Data science professionals have been pushing the limits of IT infrastructure for decades. Dell Technologies and NVIDIA have responded with numerous advancements in computation, data storage options, and high-speed networking to meet that challenge. In this design guide, we show how you can manage those advances in hardware technology more efficiently, simultaneously preserving the impressive performance gains in a virtualized environment using the latest version of VMware virtualization software.
Nowhere have the performance advancements for data science been as rapid as the development of hardware accelerators based on the technology once used primarily for graphics processing. The newest generation of Ampere GPUs from NVIDIA provides up to 20 times higher performance over the prior generation of NVIDIA GPUs. The NVIDIA A100 GPU can be partitioned into seven GPU instances to dynamically adjust to shifting demands. This combination of GPU partitions and VMware virtualization gives IT professionals the tools that they need to meet the most demanding production machine learning workloads. It also meets the experimentation needs of large groups of data science users in a single platform.
In Dell Technologies, VMware, and NVIDIA technology integration, we list each of the components needed to successfully create an environment that can efficiently meet the various needs of data science work in support of AI from basic experimentation with a small isolated GPU partition to using full GPU instances for production scale model training.

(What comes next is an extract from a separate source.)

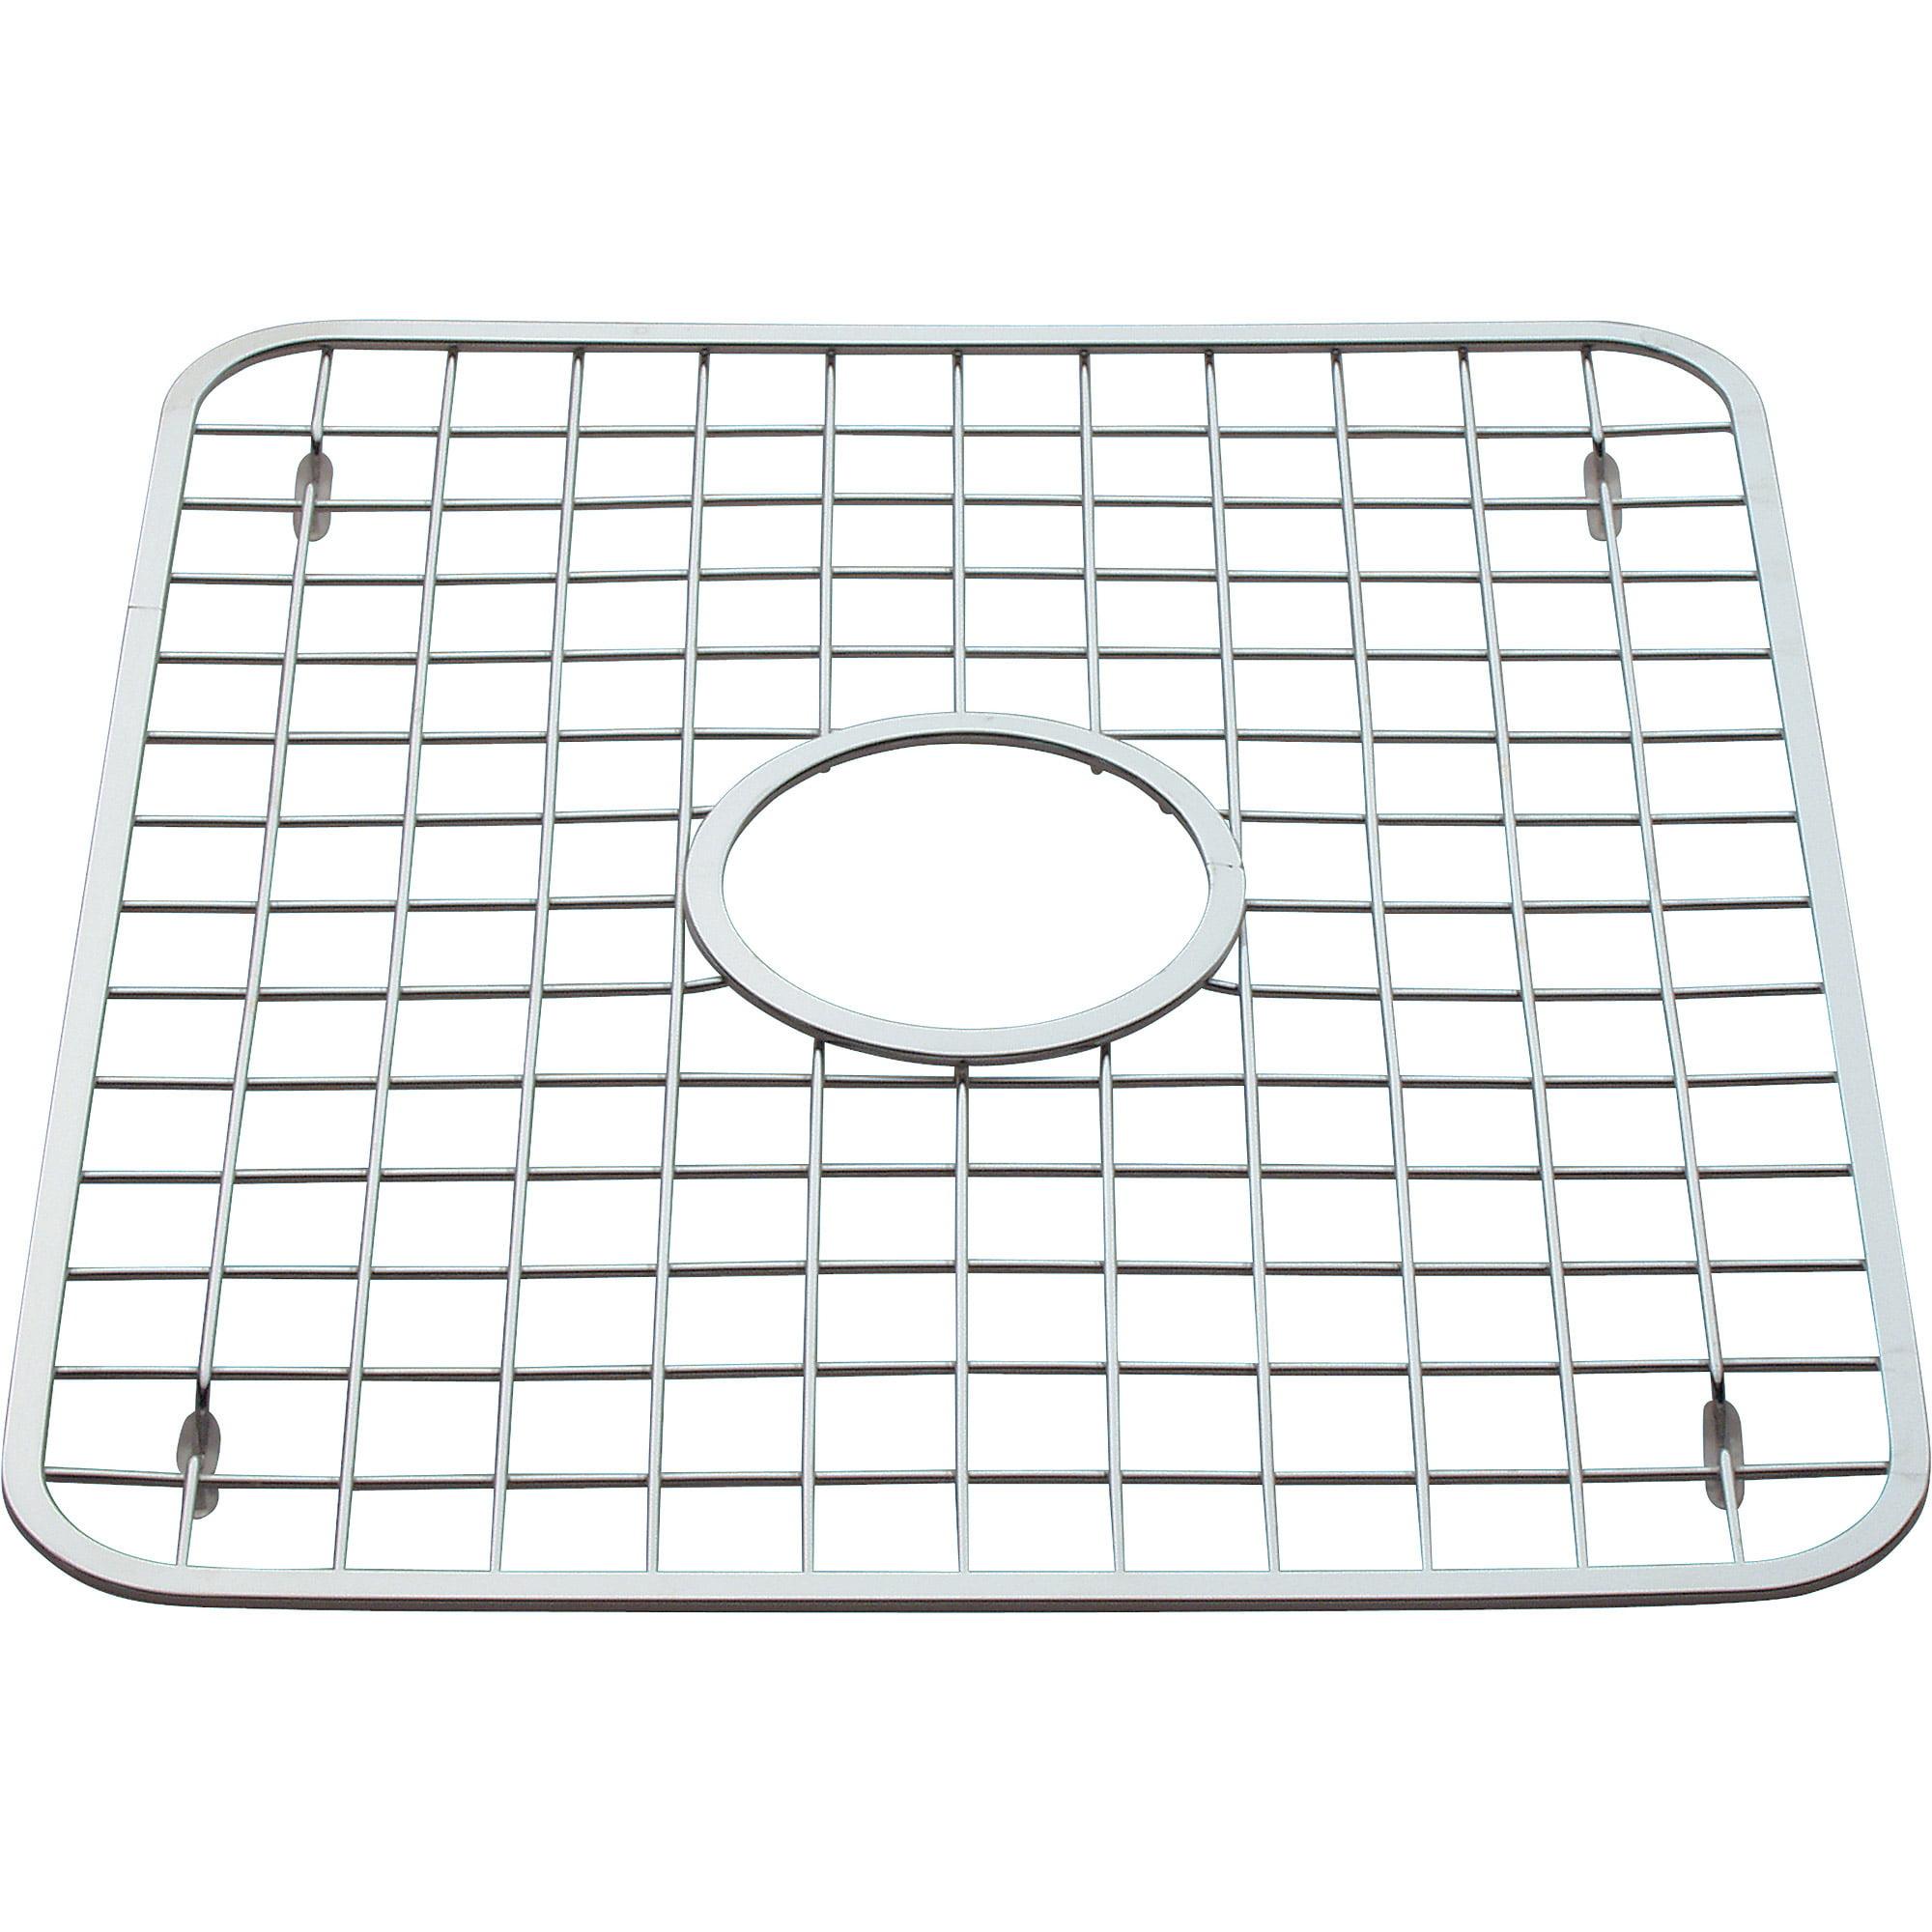 interdesign sink grid with drain hole 12 75 x 11 walmart

In Design guidance, we describe the lab environment that we implemented to support the performance evaluation comparing several GPU partitioning approaches with the A100 and VMware VMs compared to the same workload on nonvirtualized A100 devices. We describe redundant networking designs for both 25 GbE and 100 GbE equipment. We also provide the best practices for deployment of NVIDIA Virtual GPU Manager for VMware vSphere and how to configure VMs to use GPU partitions base on the Multi-Instance GPU feature of the A100 GPU.
In Machine learning performance, we show the results of eight tests using different partition profiles for the A100 GPU running both training of an image classifier (ResNet 50 v 1.5) and inference using a trained ResNet model. The results show less than a 5 percent model training performance penalty compared to the gains of increased efficiency and throughput for inference. Using vGPU with hardware partitioning should result in more IT organizations deploying machine learning workloads for AI on VMware-managed platforms for most scenarios.